Самое королевское убийство - Беннет Си Джей
– Да, только что.
– Боже, боже, – голос дрожал. – Господь милосердный. Рука, говорите? Я видел его не так давно… Мы до этого много лет не общались, как вы, наверное, знаете.
– Нет, я не в курсе, – признала Рози.
Зато сэр Саймон наверняка все знал.
– Но после похорон моей жены летом… Он повел себя очень достойно. Мне показалось, что он хочет зарыть топор войны. Полиция знает что‐то о том, как…?
– Пока рано судить, – объяснила Рози. – Им известно совсем немного.
– Что ж, вы очень добры, что позвонили. Я… простите. Не знаю, что и… Как ее величество узнала?
– Кисть нашли недалеко от Сандрингема. Полиция передала нам информацию в качестве жеста доброй воли.
– Недалеко от Сандрингема… Как ужасно. Ее Величество, должно быть… Передайте ей мои соболезнования. Мы должны увидеться после Рождества, но я понимаю, что нынешние обстоятельства несколько осложняют положение. Как они, кстати, поняли, что это Эдвард?
Рози вздохнула:
– По кольцу, милорд, – она не могла заставить себя называть его Хью. Она не так привыкла тереться плечами с аристократией, как сэр Саймон.

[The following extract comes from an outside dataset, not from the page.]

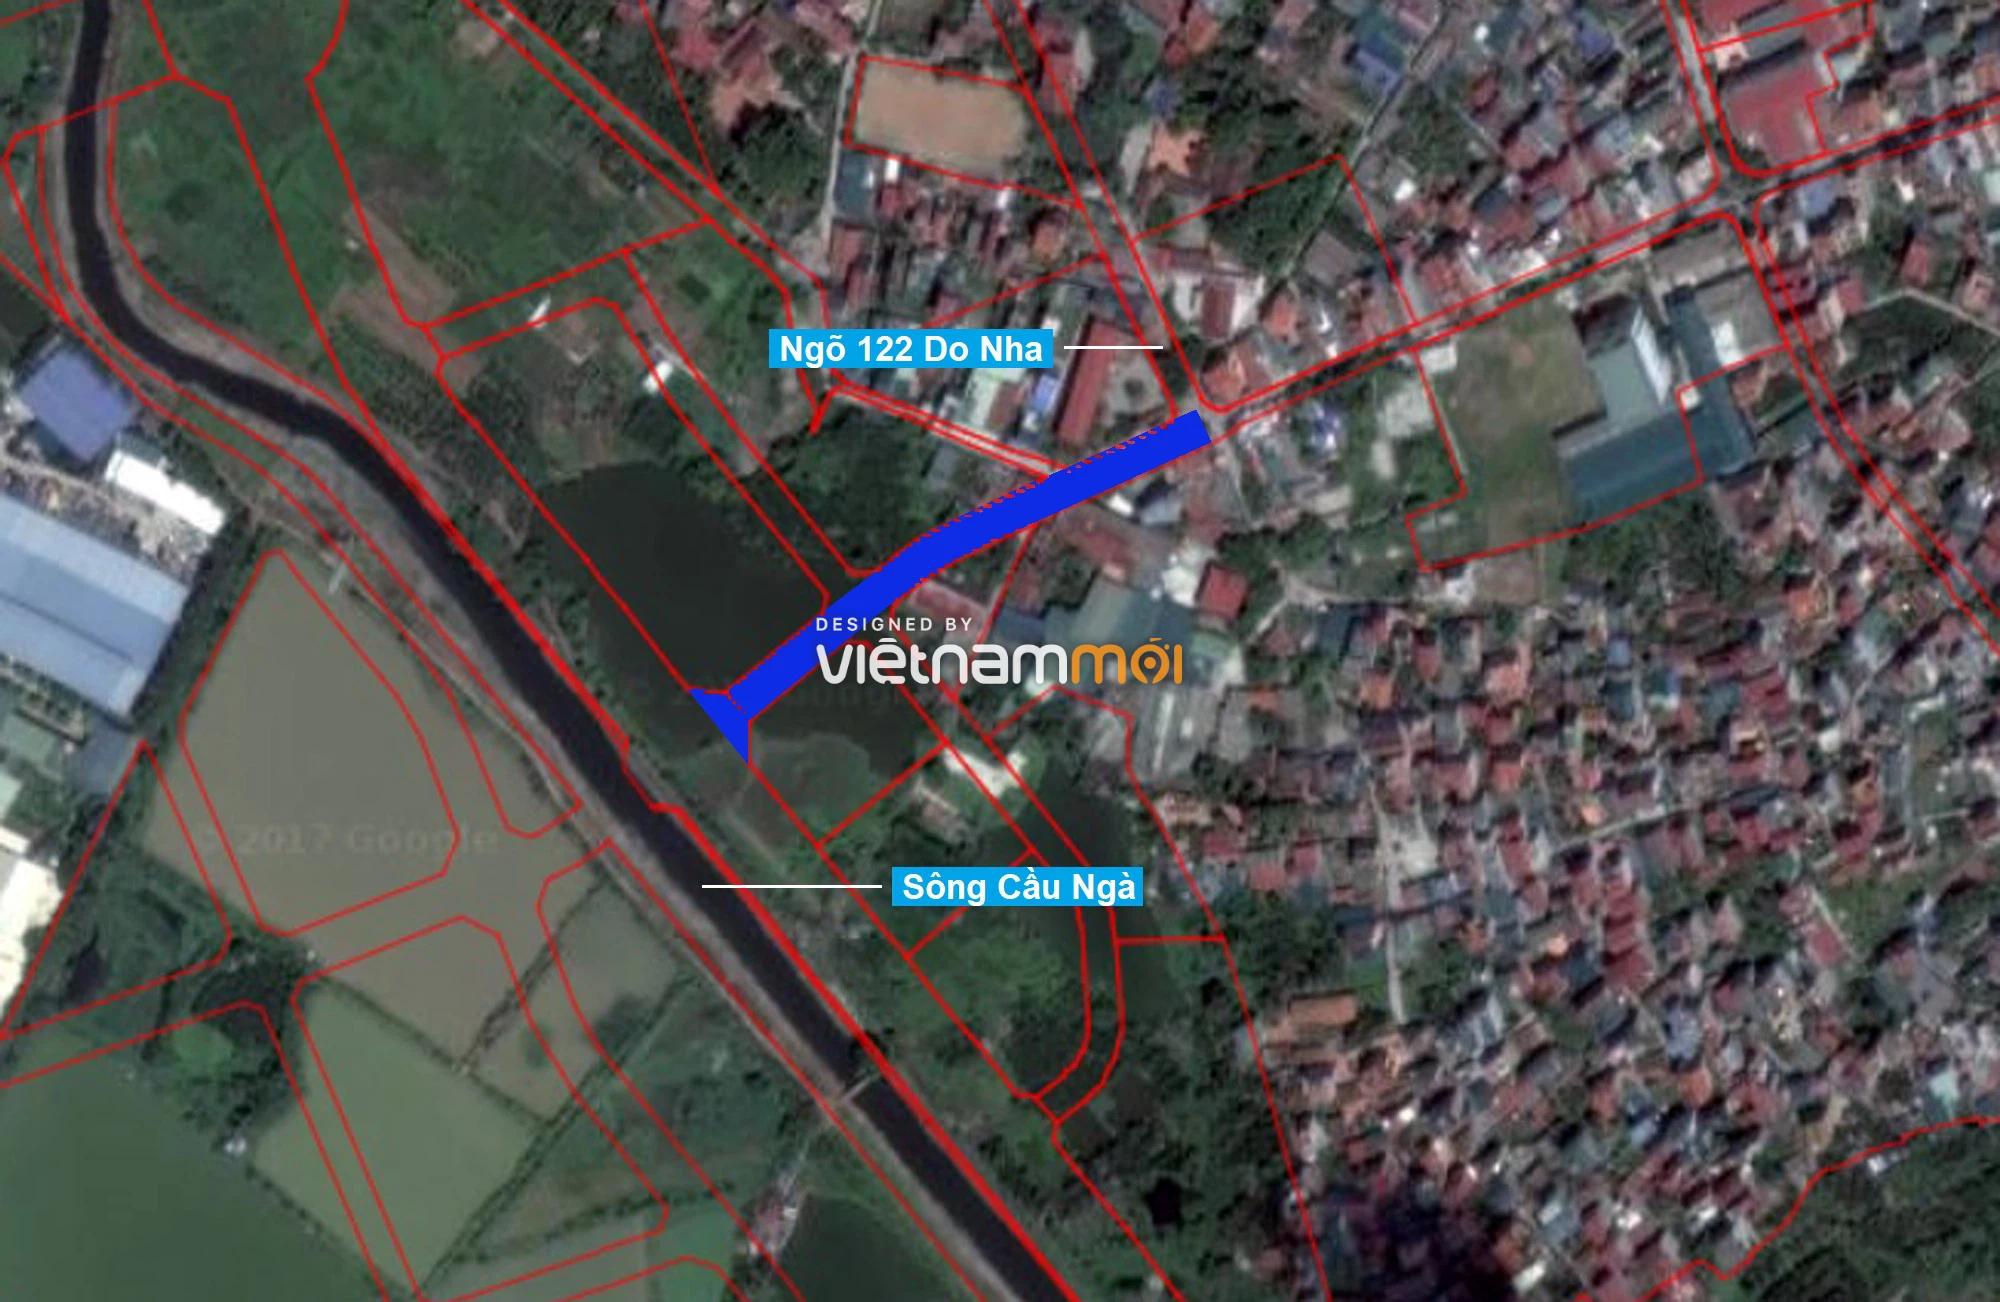 Những khu đất sắp thu hồi để mở đường ở phường Tây Mỗ, Nam Từ Liêm, Hà Nội (phần 5) - Ảnh 11.

– Боже… Кольцо… У меня и у самого такое есть…
Он снова затих, и Рози представила, как он в ужасе уставился на свою левую руку.
– Мне очень жаль.
– Что вы. Вы тут ни при чем… Какой кошмар. Спасибо, что позвонили. Пожалуйста, пожелайте Ее Величеству счастливого Рождества от нас. Надеюсь, она скоро поправится.
Последняя фраза застала Рози врасплох. Откуда он знает, что королеве нездоровится? Затем она вспомнила, что об этом писали в “Таймс” из‐за отмены поезда.
– Обязательно передам, – заверила она, хотя и не собиралась этого делать.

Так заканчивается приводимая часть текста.